Vladimir Putin, summarizing the results of his eight years as the leader of Russia,
called "stability" his greatest achievement. But this is the stability in appearance only,
supported merely by enormous oil revenues and massive propaganda from the
government-controlled mass media. Behind the facade lies an unprecedented growth
in corruption, horrifying poverty for most of the population, and an all-powerful
bureaucracy and domestic intelligence apparatus.

Putin’s stability is the stability of the Gulag, where the wardens ensure all the
prisoners have their allotted food ration, reward the most obedient, and preventively
punish any potential troublemakers. The difference from the Soviet Gulag is that most
Russians have never seen anything different, so they do not even notice that they are
confined.

My most recent encounter with this system occurred in December 2007, when officers
of the FSB (the Federal Security Service, a successor organization to the KGB) decided
to forcibly place me in the army. My activities as a Coordinator of the youth
movement Oborona ("Defense"), which advocates non-violent resistance to oppressive
acts by the authorities in Russia, had caused me problems in the past as well. In my
23 years I have been arrested dozens times, twice served short terms in prison, and
been fired from my job at the request of the FSB. But they could never get rid of me
completely, because they could find no basis for putting me in prison long-term.
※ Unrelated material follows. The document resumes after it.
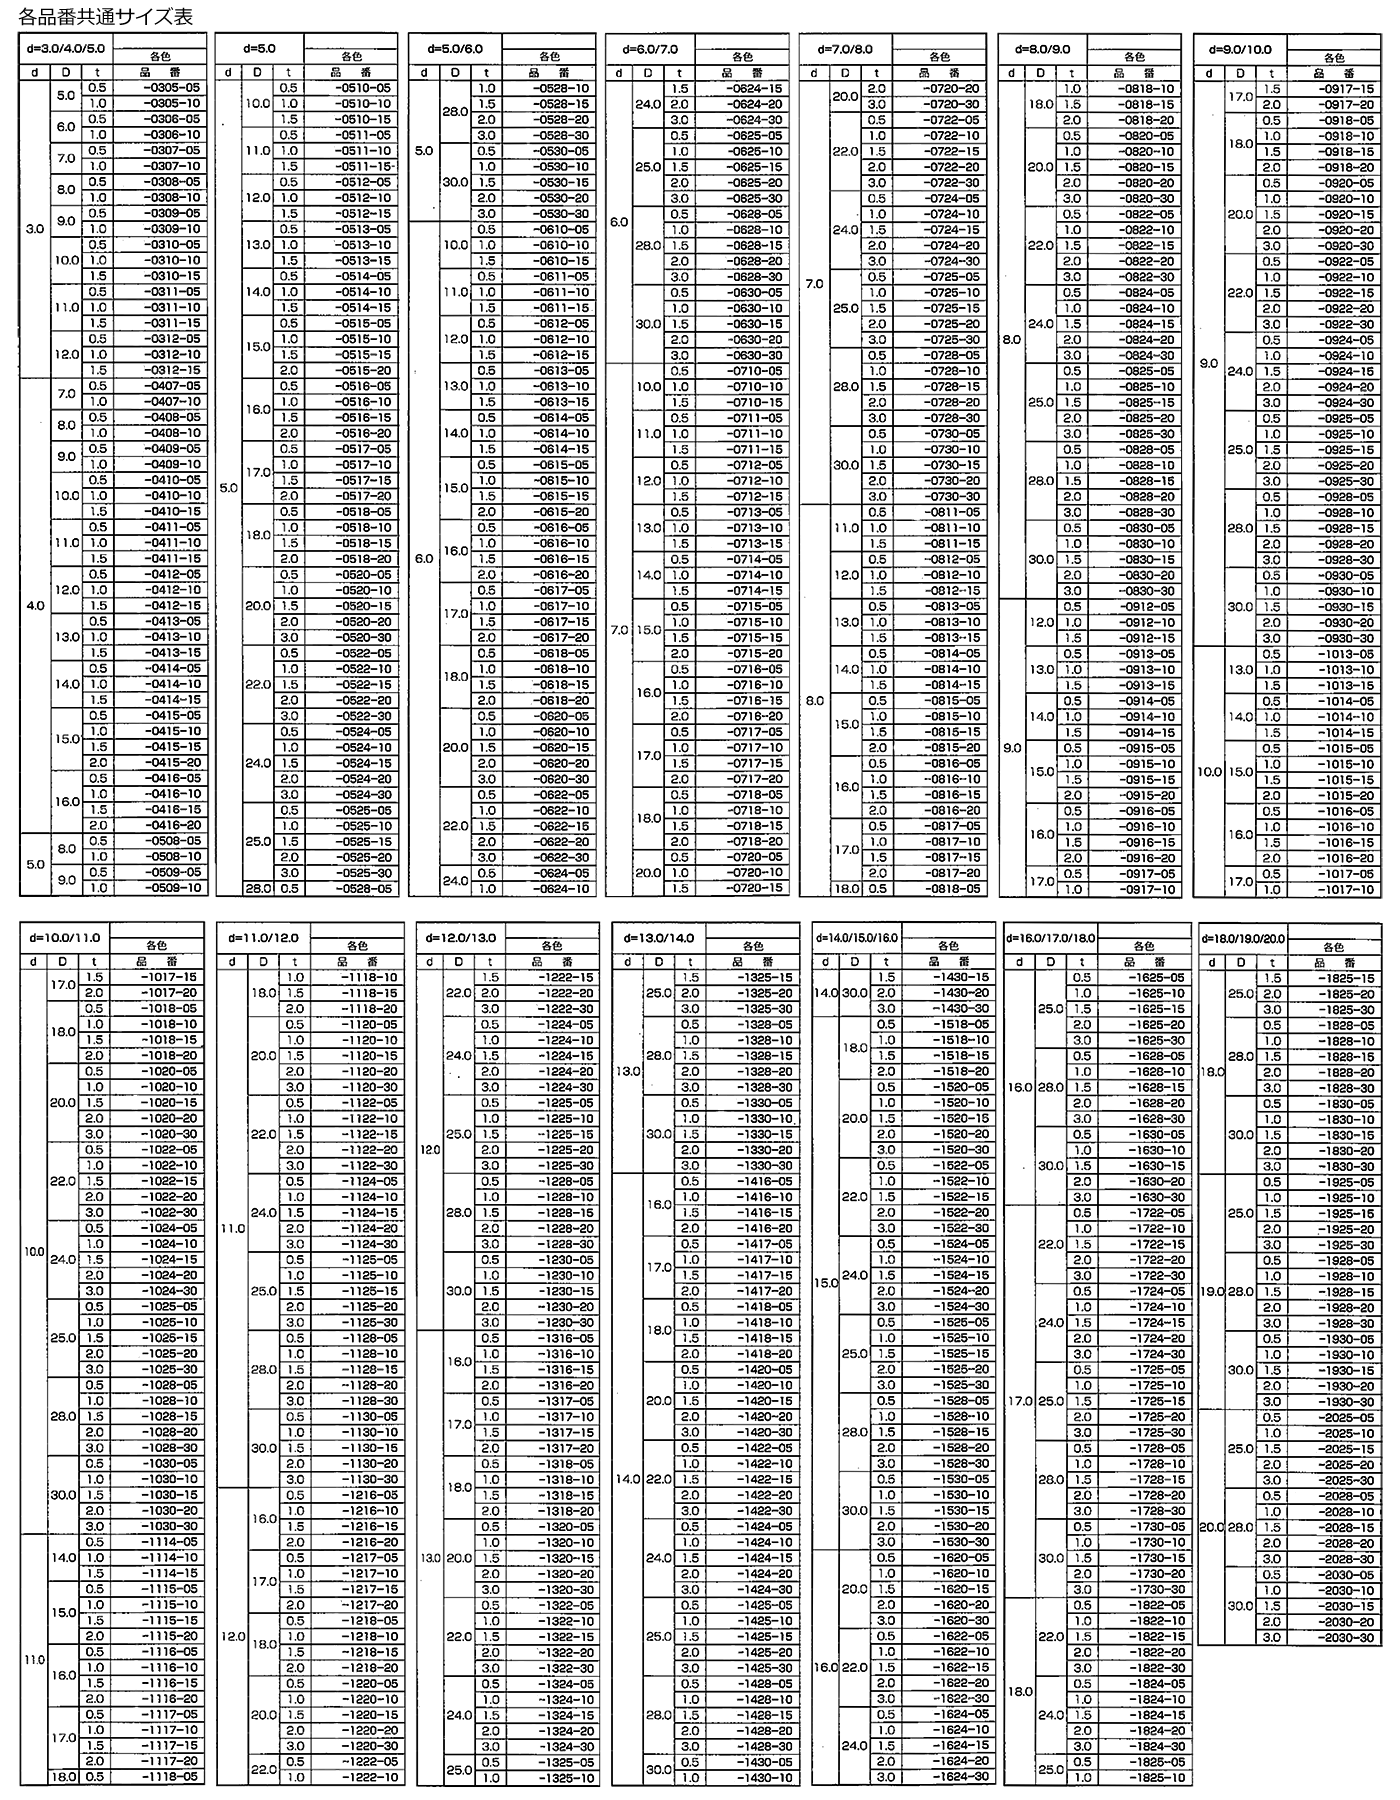 ウレタン 丸型平座金 (丸ワッシャー) UREW-0000-00 (うす茶系)の寸法表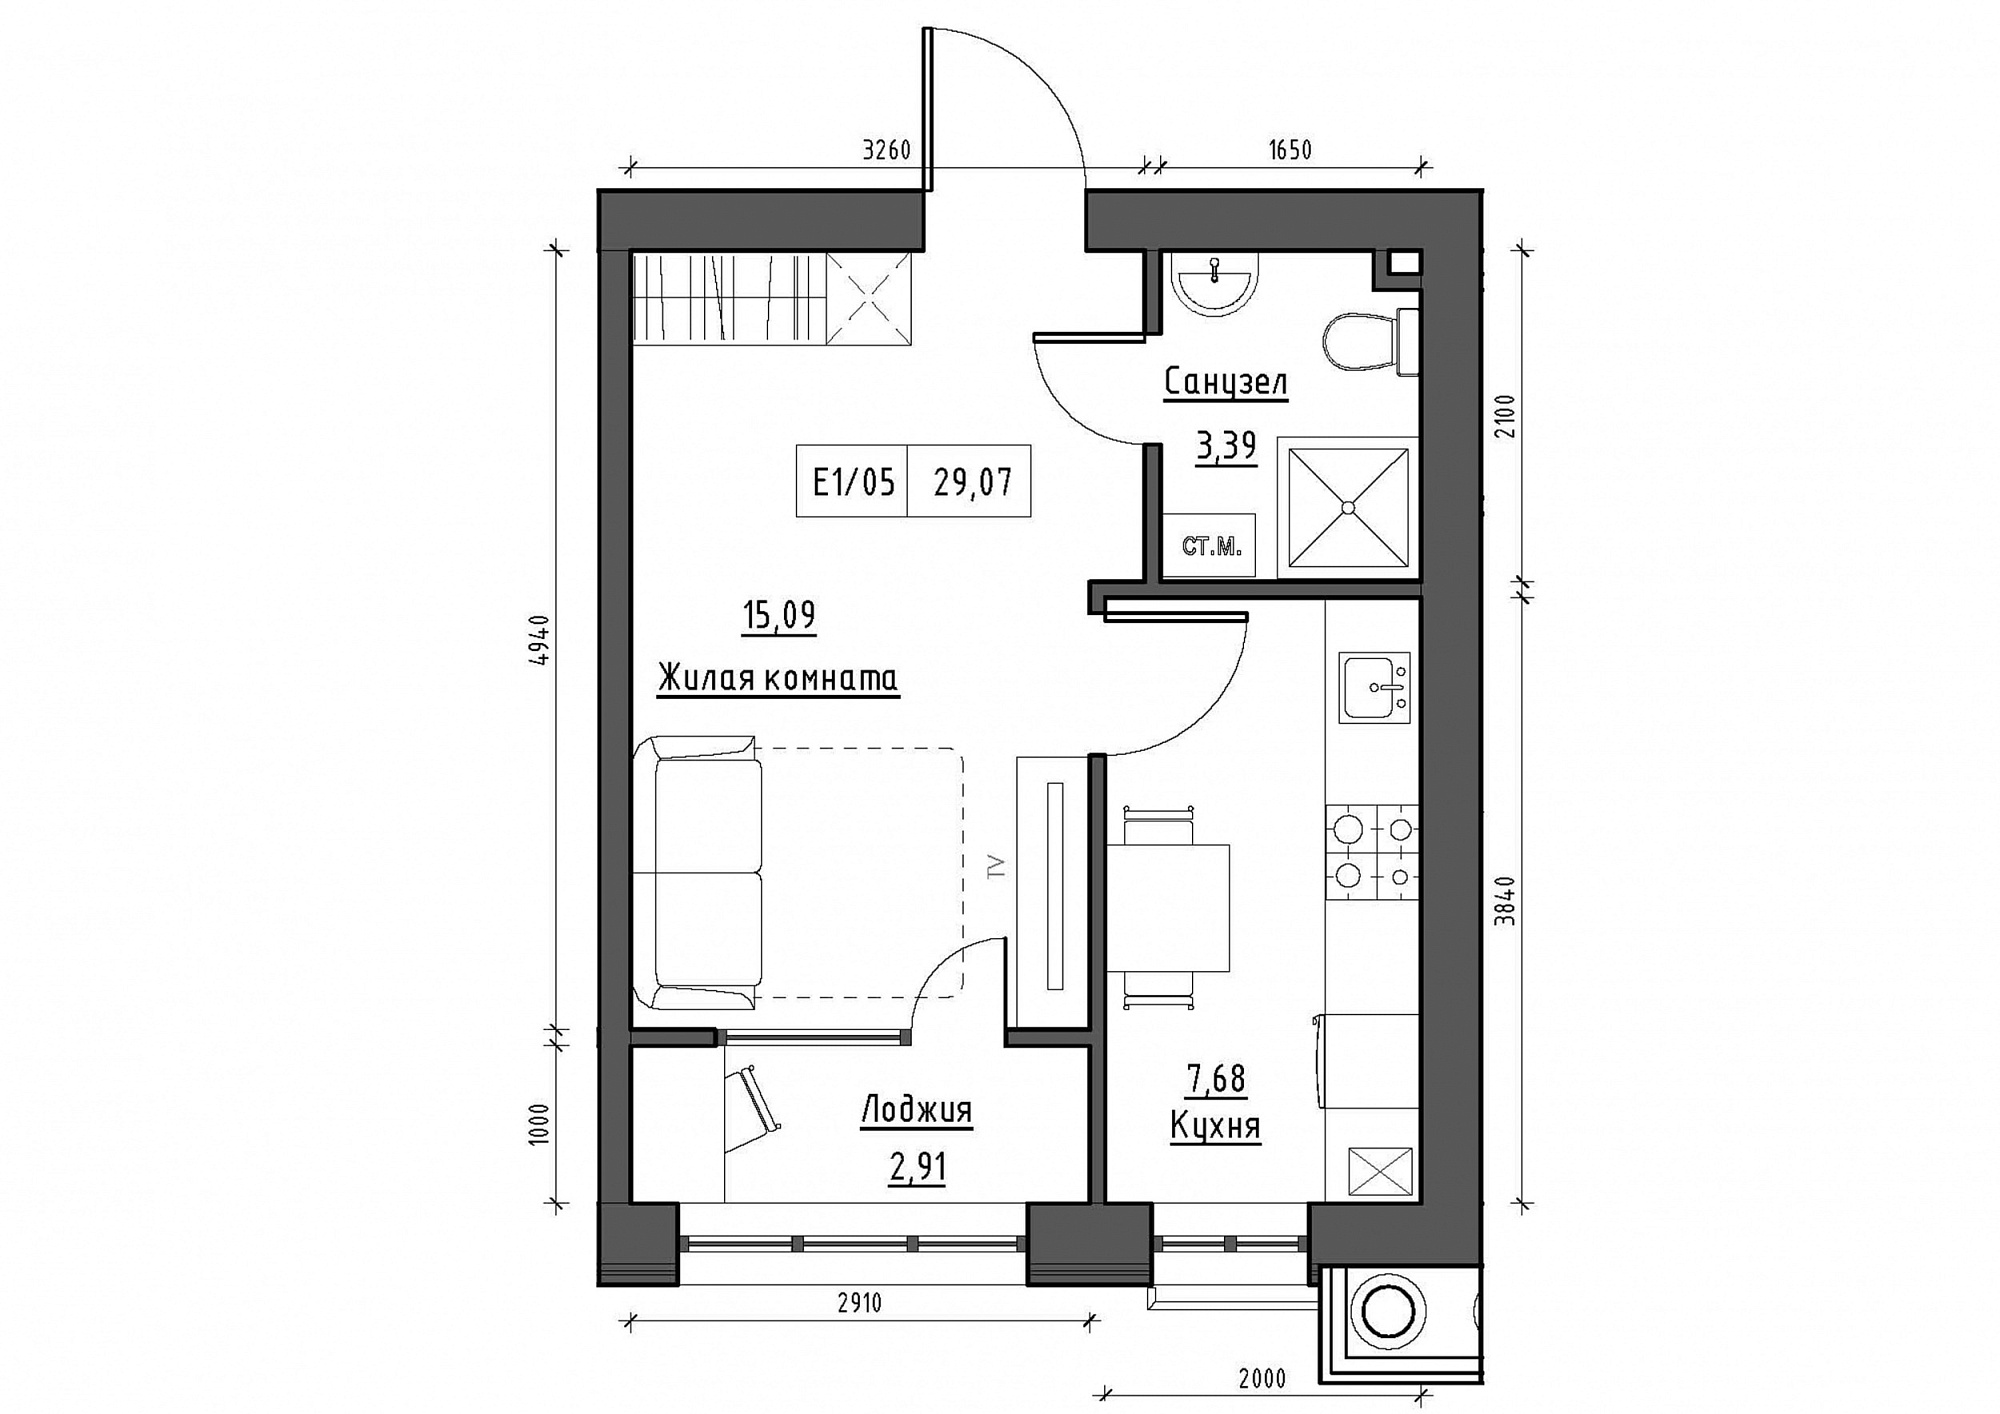 Планування 1-к квартира площею 29.07м2, KS-011-03/0009.

So the intelligence services took a different tack. On December 20, I was once again
arrested and this time sent illegally to the army to serve as an enlisted soldier, despite
my student status and health problems. I was escorted by FSB officers to a military
unit located in the forest 250 kilometers (150 miles) from Moscow, where I was
expected to serve for one year.

My trip into the army took only a few hours, while the return trip required two and a
half months. I was finally freed on March 4, two days after what the authorities
“presidential elections”. The military authorities acknowledged that I had been
inducted into the army illegally, but gave no apology.

In fact, I am one of the many political activists who face repression. Russian human
rights activists like Lev Ponomarev estimate the number of political prisoners in the
country at more than 70. However, even prison is not the worst fate for a Russian
dissenter. In December 2007 a member of the Other Russia coalition, Yuri
Chervochkin, was beaten to death, supposedly, by the employees of a special police
unit.

Over the past year or two the scale of repressions in Russia has reached a level similar
to the worst years of the Cold War. The clampdown by the regime and mistakes of the
previous opposition leaders has brought us to the point that traditional political parties
have lost any kind of influence in Russia. Old illusions about how pro-democracy
advocates might achieve power through normal elections were smashed in last
December's parliamentary elections. Old parties are unlikely to return.
Dmitriy Medvedev, Putin’s old friend and now the president-elect, is himself a part of
the current system and has no real reason to liberalize it. Hopes that he will do so are
misplaced. He well understands that any such attempt will only lead to a loss of
control over the situation, which would present a fatal risk to the corrupt heights of
power in Russia.

Today the only real possibility for changing the political regime in Russia is through
grass-roots pressure. Nonviolent resistance on the model of Mahatma Gandhi and
Martin Luther King is the last option available in the arsenal of pro-democracy
advocates in Russia. This has already become clear to some of the most open-minded
politicians like those in the Other Russia coalition.

But in order to be successful we must first analyze our mistakes, learn to work
together more effectively, and rouse society from its apathetic state. For this we need
groups like Oborona, a union of sincere young people striving not for power, but for
change in their country. The mission for those planning an uprising in the modern
Russian Gulag is to not become the next wardens.